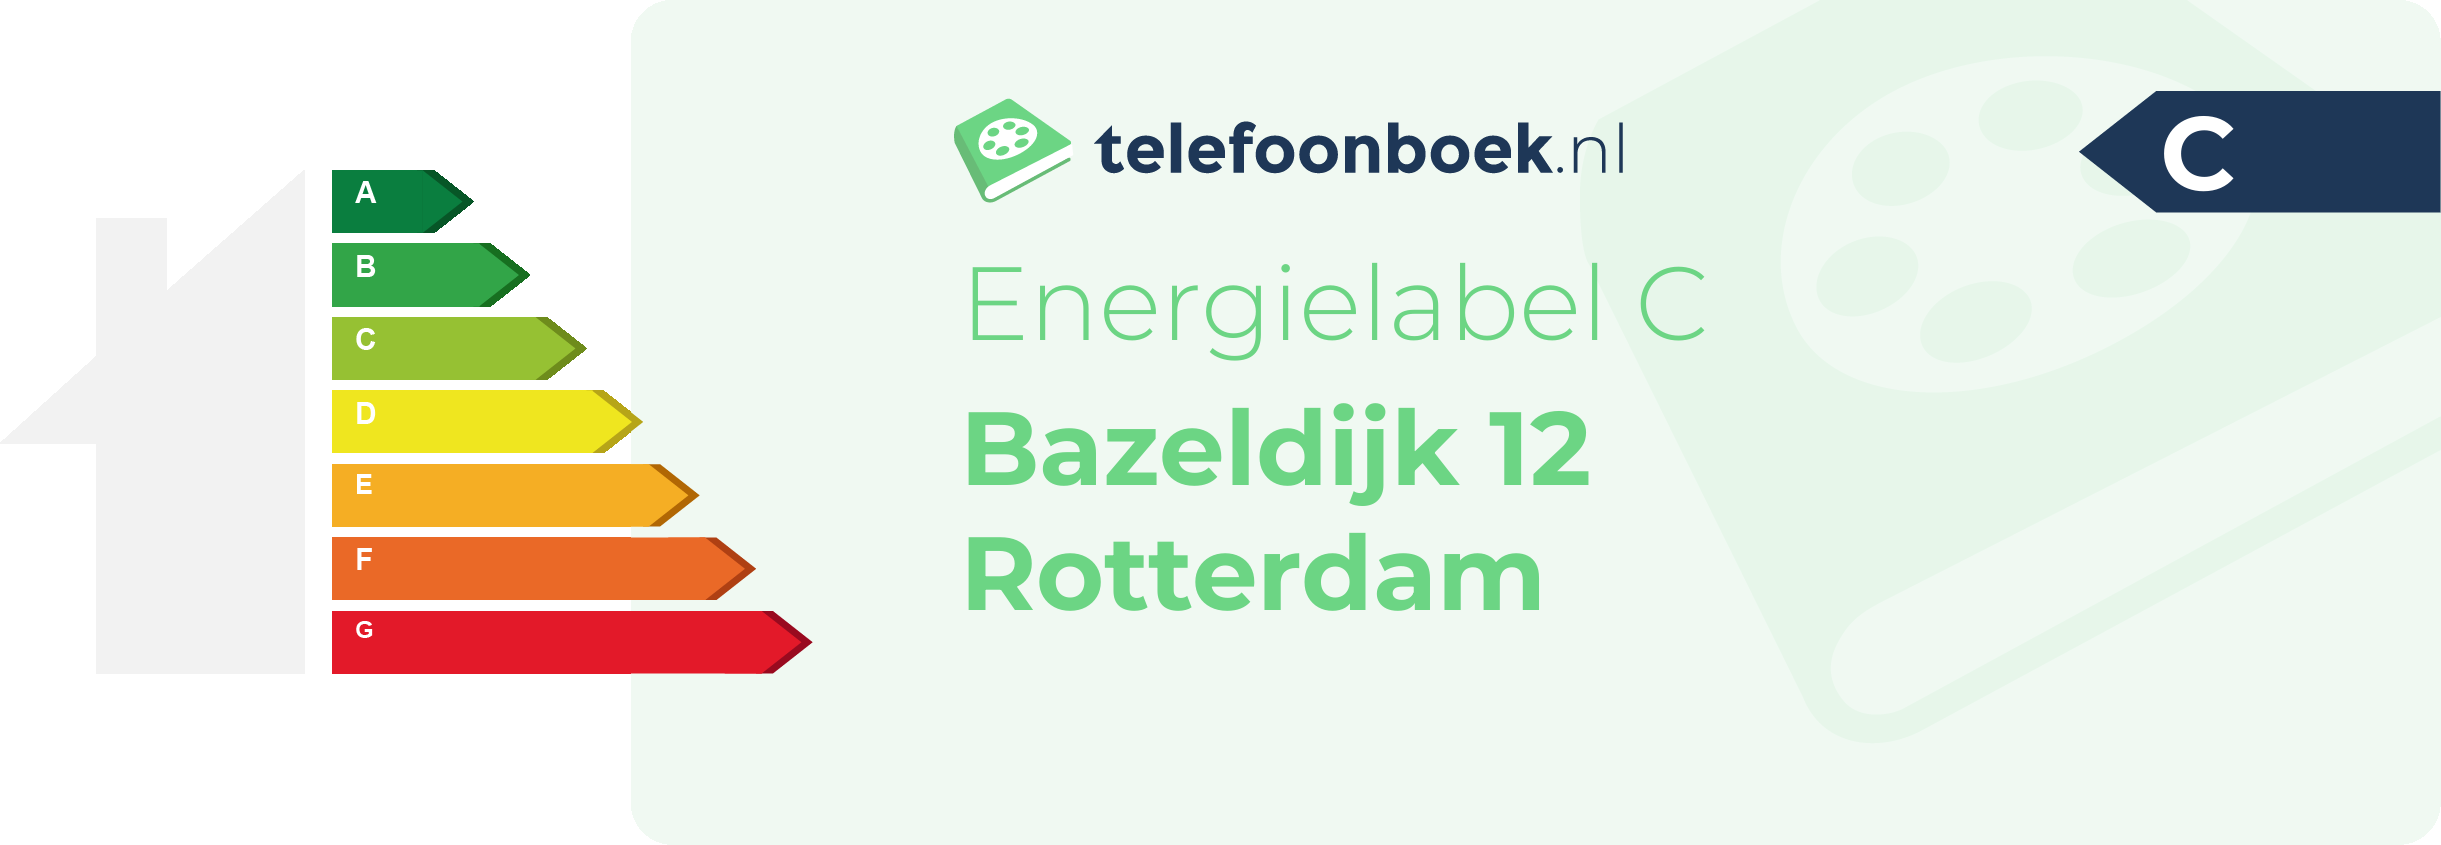 Energielabel Bazeldijk 12 Rotterdam
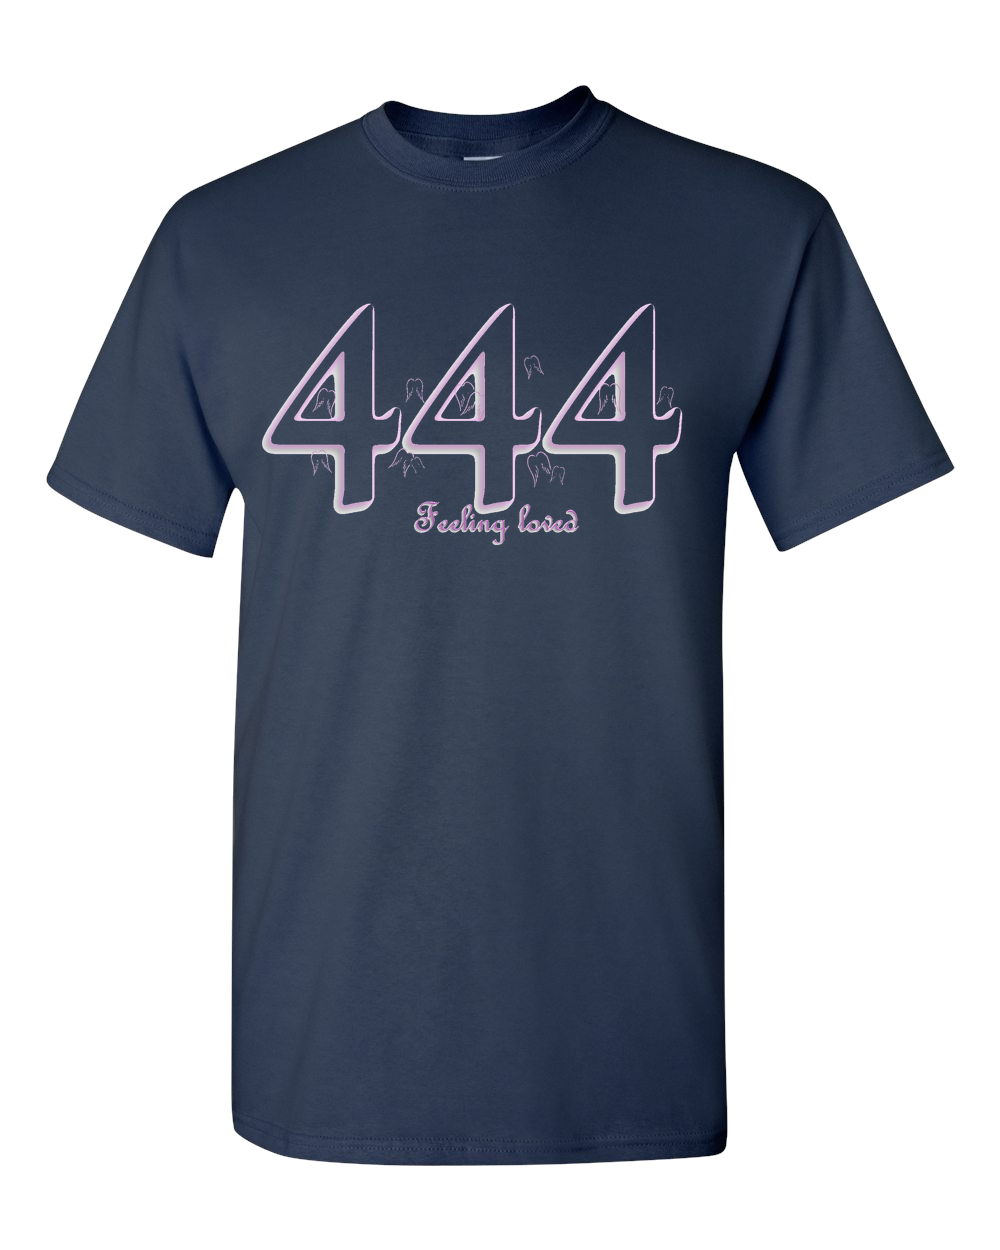 444 T-shirt Spiritual Guide Angel numbers
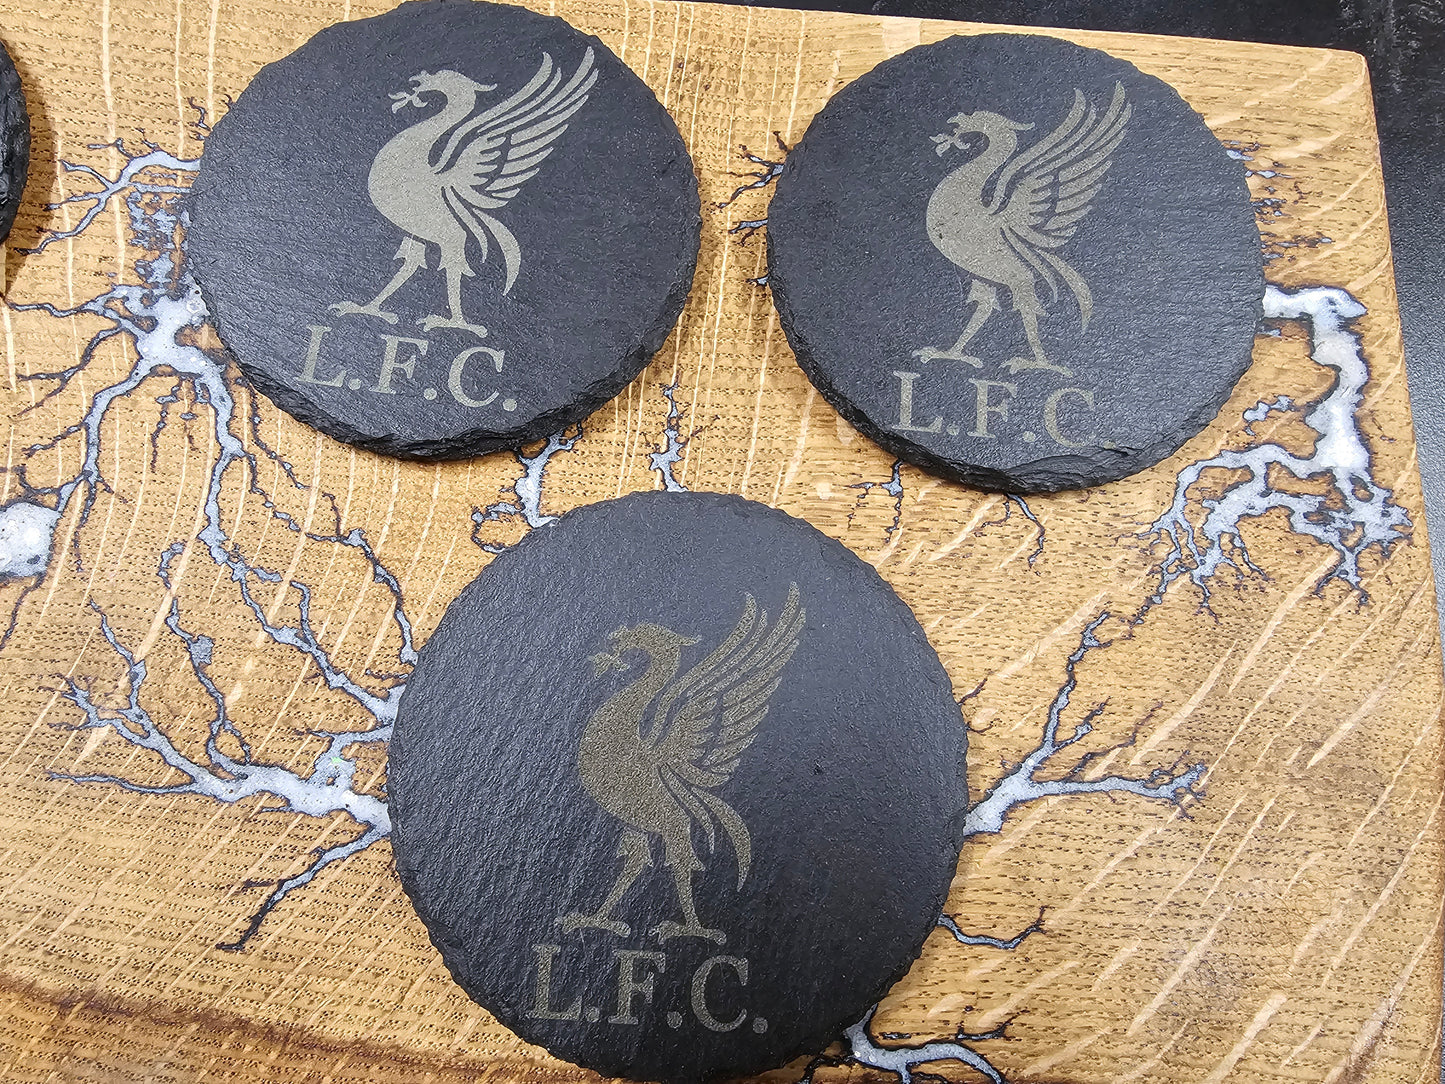 Slate Football/Emblem Coasters

- - -

Once the pictures are set aside, give the rest of the material again unchanged.

§ EXERCISE SOLUTION
 Energielabel Bazeldijk 12 Rotterdam
 444 T-shirt Spiritual Guide Angel numbers
 Slate Football/Emblem Coasters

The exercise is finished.